5 Haziran 2013 Çarşamba

Miraç; Ilımlılık - sükunet - huzur

 Miraç gecesinin feyziyle gelecek huzur temennisiyle başlamak istiyorum.
 Yazacağım her bir cümleden 'o taraf mı bu taraf mı' çıkarımı yapılmayacağı ümidimi de ekliyorum.
  Zira artık kendilerini bir 'taraf' olarak görenlerin gözlerinin körlüğü canımı öylesine sıkıyor ki; 'insan' bu kadar mı değersiz diye haykırmak istiyorum. Bir tarafa ait hissetmek samimiyetimi kör edecekse, bir taraf ait olmak istemiyorum; tek isteğim itidal / ılımlılık, ölçülülük!

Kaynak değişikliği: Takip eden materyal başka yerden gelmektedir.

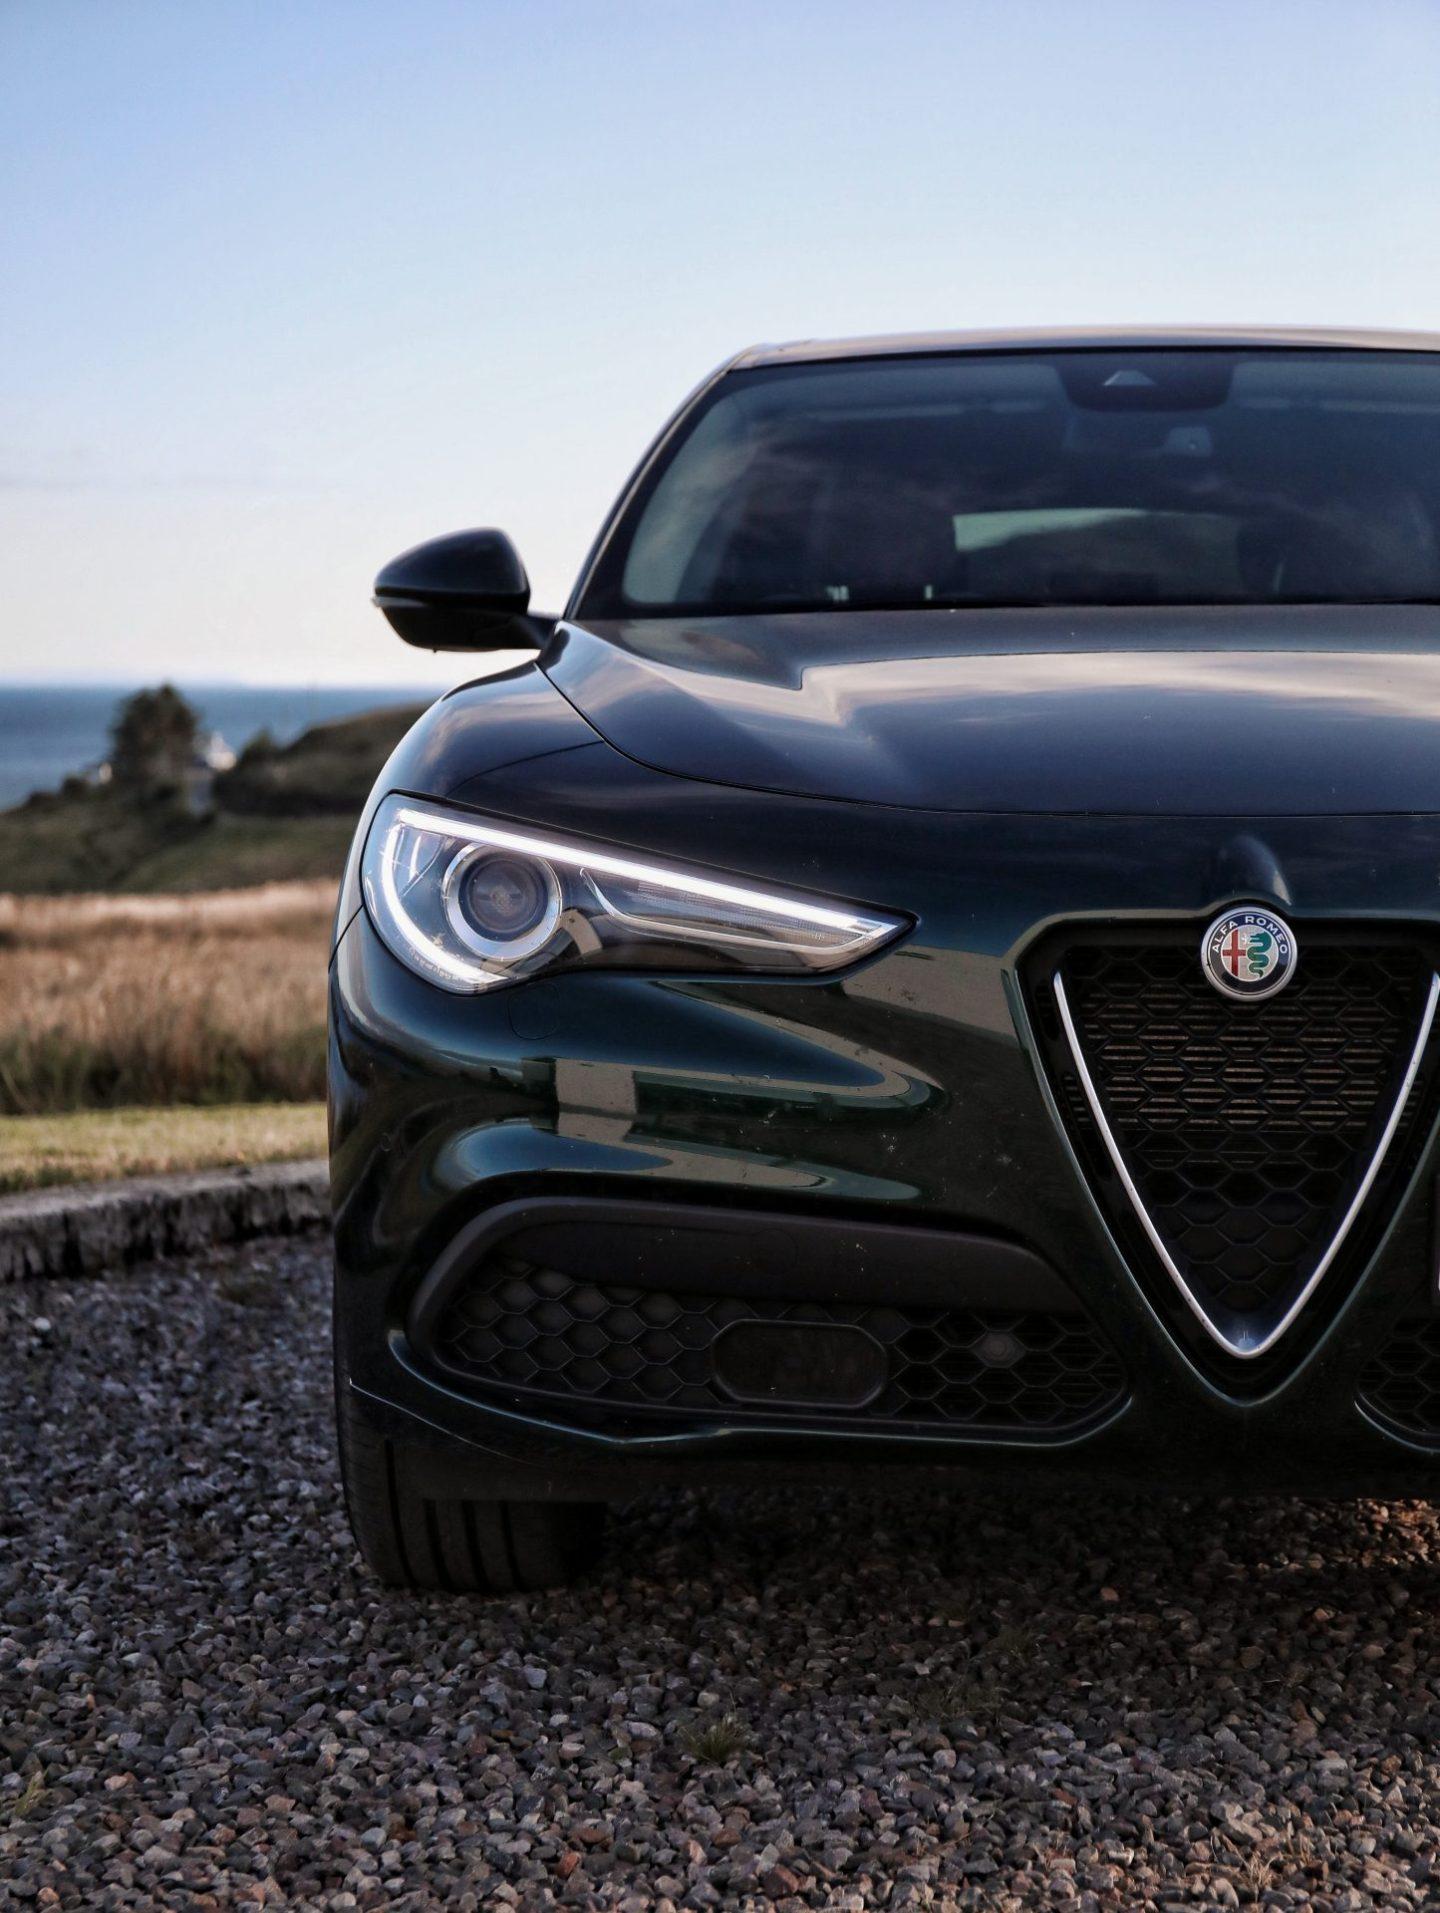 Alfa Romeo Stelvio Review Car SUV Family Car Exterior

 Bu günler geçecek, iktidardaki isimler gelecek geçecek, polisler gidecek, ve biz yine 'biz' olarak kalıp bir araya geleceğiz, geriye sadece fütursuzca söylenen sözler, hırpalanan insanlar, kırılan kalpler kalacak, -sa bu kadar basit mi bunca kargaşayı bir taraftan kışkırtan olmak.

 Düşünceye, basirete muhtacız! Yorgun kalplerimizin huzura, dillerimizin sükunete ihtiyacı var. Rabb'in miraç gecesinin feyziyle ülkemize, kalplerimize huzur ve birlik anlayışı getirmesi duasıyla. Düşünebiliyorsak, ve hissedebiliyorsak dualarımızın geri çevrilmeyeceğine ümidimiz tam, şüphesiz O işitendir, görendir.
Huzurlu, dualı, hep birlikte kandiller diliyorum.

“Kulunu bir gece Mescid-i Haram'dan çevresini mübarek kıldığımız Mescid-i Aksa'ya bir kısım ayetlerimizi gösterelim diye götüren o Allah'ın şanı yücedir. Şüphesiz O, işitendir, görendir.”